Phosphorus-nitrogen synergistic systems work well in polyolefin matrices such as polypropylene, where phosphorus alone has limited condensed-phase activity. The nitrogen component drives intumescence — the char layer physically swells during combustion, forming an insulating barrier that slows heat transfer to the unburned polymer below. Flame retardants are incorporated into textiles, construction materials, electronics, and consumer products through physical addition — and this intumescent approach is now standard in construction plastic applications such as cable management systems, pipe insulation, and structural panels, where UL 94 V-0 or European Euroclasse B and C fire classifications apply.

Research into nanocomposite approaches — layered double hydroxides or organoclays combined with phosphorus flame retardants — shows performance gains in demanding polymer systems, though cost keeps them out of commodity plastic formulation for now.

Inorganic flame retardants: aluminum trihydrate and magnesium hydroxide

In cost-sensitive applications where processing temperatures allow — principally polyolefins, PVC compounds, and cable insulation — aluminum trihydrate (ATH) and magnesium hydroxide (MDH) deliver flame retardancy without hazardous substance concerns. Both release water vapor during decomposition, diluting combustible gases and cooling the combustion zone. High loadings are required (40–65% by weight), which limits their use where mechanical properties need to be preserved.

From a regulatory standpoint, both are clean: no SVHC status, no REACH or RoHS restrictions, and compatible with recyclability requirements. Wire and cable insulation for infrastructure applications is their natural home, where the Construction Products Regulation and the Low Voltage Directive impose fire safety and environmental requirements at the same time.

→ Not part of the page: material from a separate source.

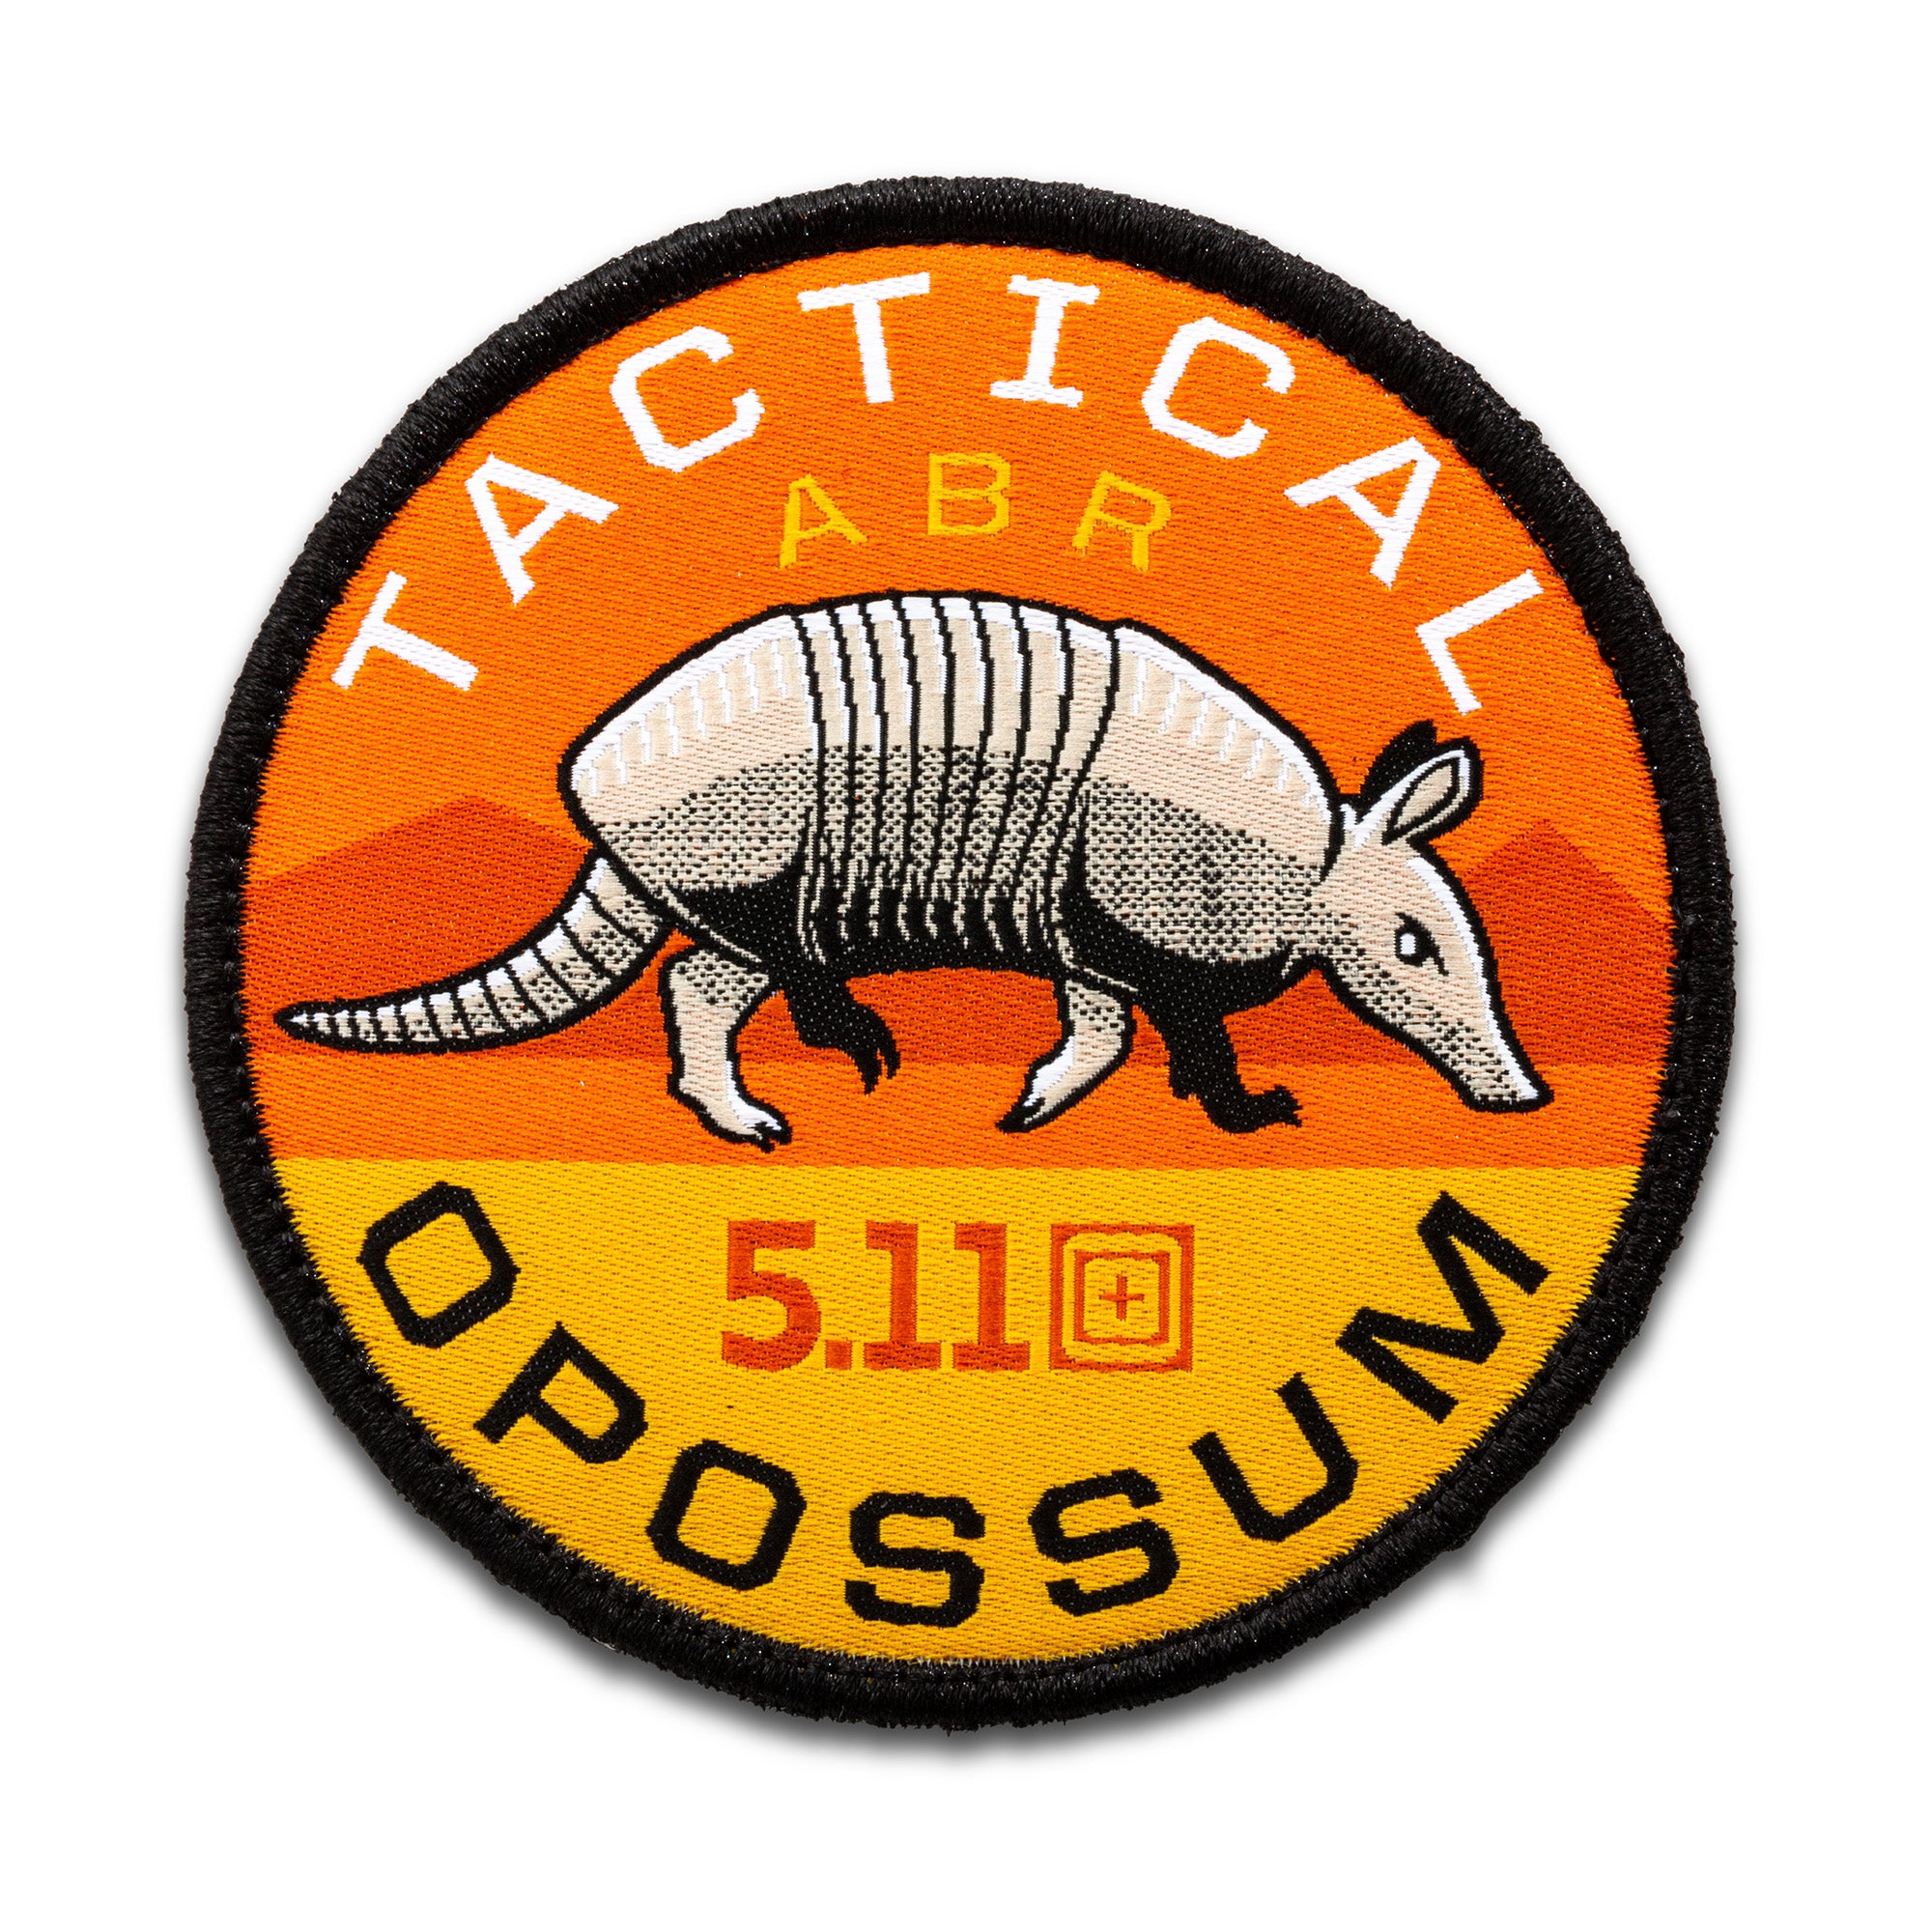 5.11 Tactical Opossum Patch

Practical Compliance in 2026: What Formulators Need to Do

  • Audit the full BFR inventory. RoHS addresses PBBs and PBDEs — REACH’s SVHC list goes further. The restriction proposal on non-polymeric aromatic brominated flame retardants (Call for Evidence, January 2026) covers substances used in electrical and electronic products, construction products, and textiles. Any compounder using brominated flame retardants in these applications should check each compound’s SVHC status and watch the ECHA restriction timeline.
  • Understand the RoHS–REACH interaction. Passing one does not mean passing the other. Articles containing SVHC Candidate List substances above 0.1% by weight require disclosure to the downstream supply chain — whether or not those substances appear in RoHS. Electronics manufacturers sourcing plastic compounds need to verify SVHC presence, not just RoHS compliance.
  • Evaluate phosphorus-based alternatives against the full performance specification. Halogen-free phosphorus systems can match brominated flame retardants on UL 94 classification in many engineering polymer matrices, but their effect on tensile strength, elongation, thermal stability, and processing needs to be validated at the compound level. The interaction with the base resin — especially in PPS, polyamide, and ABS/PC blends — cannot be predicted from chemistry alone.
  • Plan for PFAS exposure in fluoropolymer-based formulations. PFAS restrictions are moving through a separate regulatory track, but formulators using fluoropolymers as processing aids or in specialty flame retardant systems should note that ECHA’s SEAC opinion on the broad PFAS restriction is expected by end of 2026, with a Commission decision likely afterward. Any compound system relying on fluoropolymer components needs to be assessed for regulatory exposure alongside BFR compliance.